Friday, November 14, 2014

Last week Mario Draghi, President of the ECB, said that the central bank’s Governing Council would “closely monitor and continuously assess the appropriateness of its monetary policy stance”, noting that this could change if the outlook for inflation worsened.
Luigi Speranza, an analyst at BNP Paribas, said that the survey’s findings signalled “that investors have started to have doubts on the ECB’s resolve or ability to push inflation back”.
He suggested that the ECB's analysis of risks from low inflation must be "flashing amber, if not red".
Prices rose by just 0.4pc in the year to October, edging up from 0.3pc in the preceding month.
The survey "challenges the ECB's credibility and its commitment to achieve its mandate, and as such, increases the pressure for additional monetary policy easing, in the form of full-blown quantitative easing", Mr Speranza said. .. Mr Draghi has previously warned that inflation must not permanently fall below 1pc "and thus into the danger zone".   Analysts also slashed their forecasts for eurozone growth for every year from 2014 to 2016, cutting their estimates for 2015 from 1.5pc to 1.2pc. 

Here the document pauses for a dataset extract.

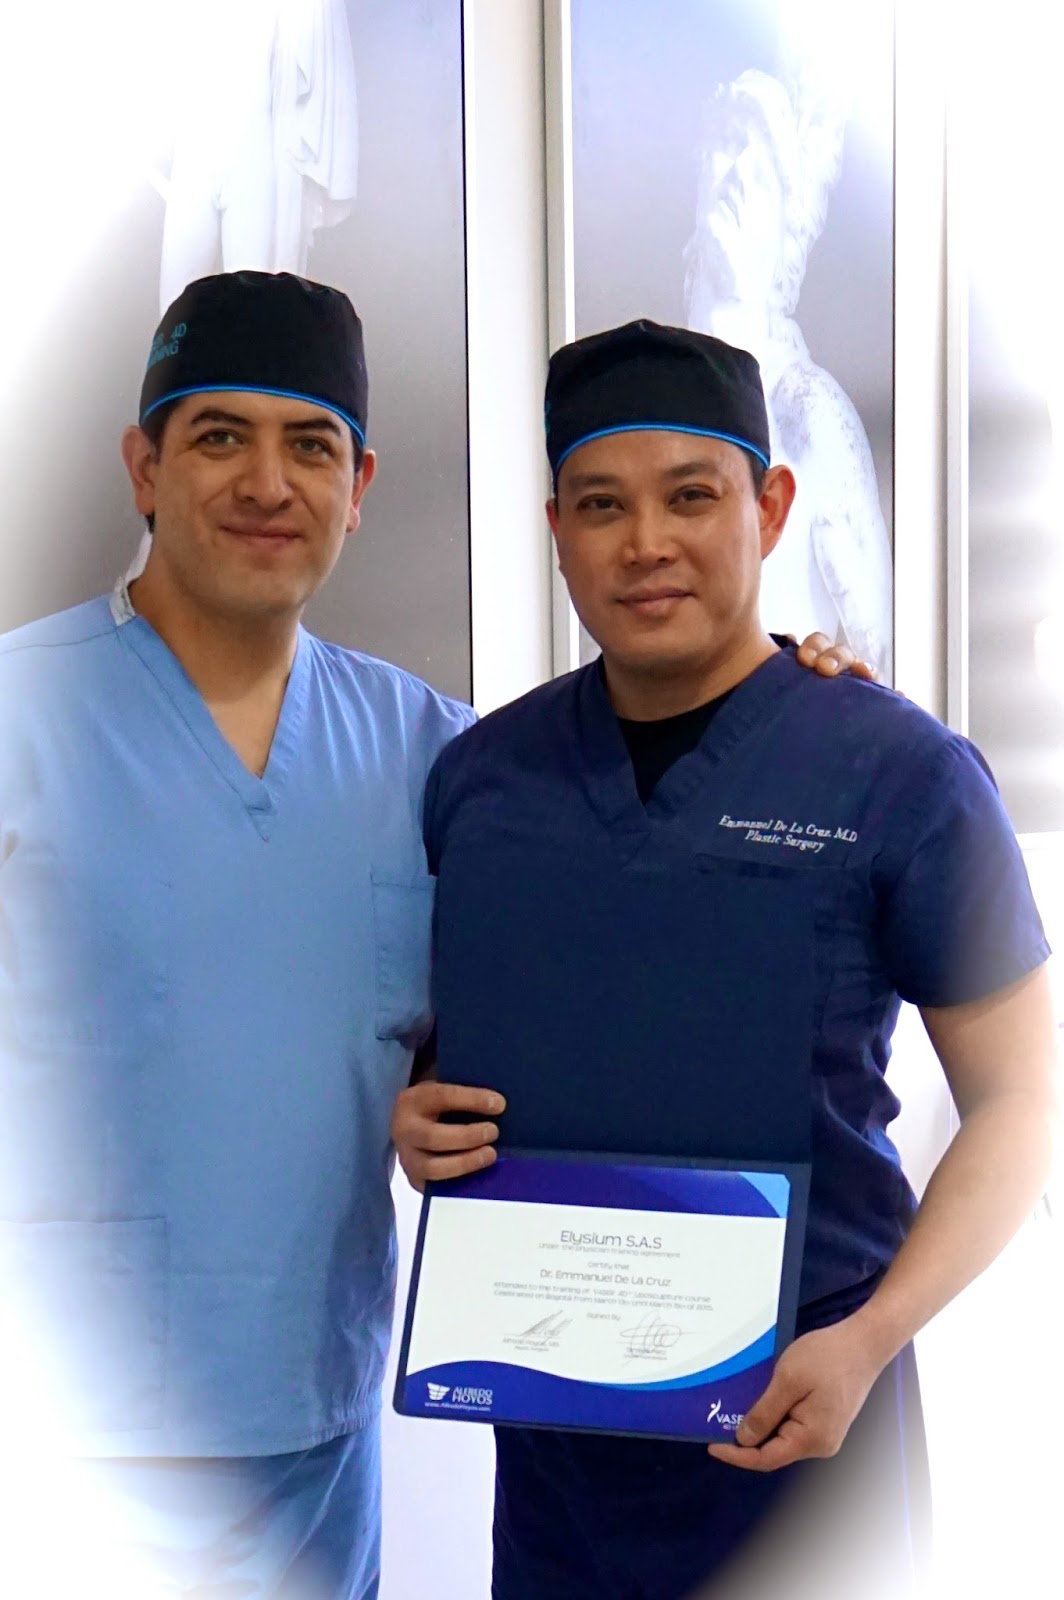 Plastic surgery in bogota colombia

The euro area as a whole may have entered its third technical recession since the financial crisis in the third quarter of this year.  The ECB wrote that "the balance of risks has become more clearly titled to the downside", as respondents noted geopolotical tensions in Ukraine, Russia, and the Middle East as posing risks to the euro area... I have been spouting for a while that surely credibility in the €Z/ECB must be osmosing away and Louie Hope agrees - an Italian working for a French bank, I presume. 'Luigi Speranza, an analyst at BNP Paribas, said that the survey’s findings
signaled “that investors have started to have doubts on the ECB’s resolve or ability to push inflation back”.  He suggested that the ECB's analysis of risks from low inflation must be "flashing amber, if not red"'   But I bet EU Daltonism continues, not because Mario is being obdurate because the arsenal is totally empty apart from 'Cypressing'....And here I was thinking low inflation was good. Silly me, I should know that inflation erodes debt. To savers and those on fixed incomes though its a disaster because it forces interest rates to be low. Thats good for borrowers, who can hike up their indebtedness beyond their ability to pay it back. So at some point in the future the governments can tax the savers to bail out the reckless borowers, who also happen to be the government as well. So thats all right, as this government has given itself the powers to just empty my bank accounts at will, with out having to get any judicial approval or prove I am guilty of anything. A savings tax and Ihvae control over it.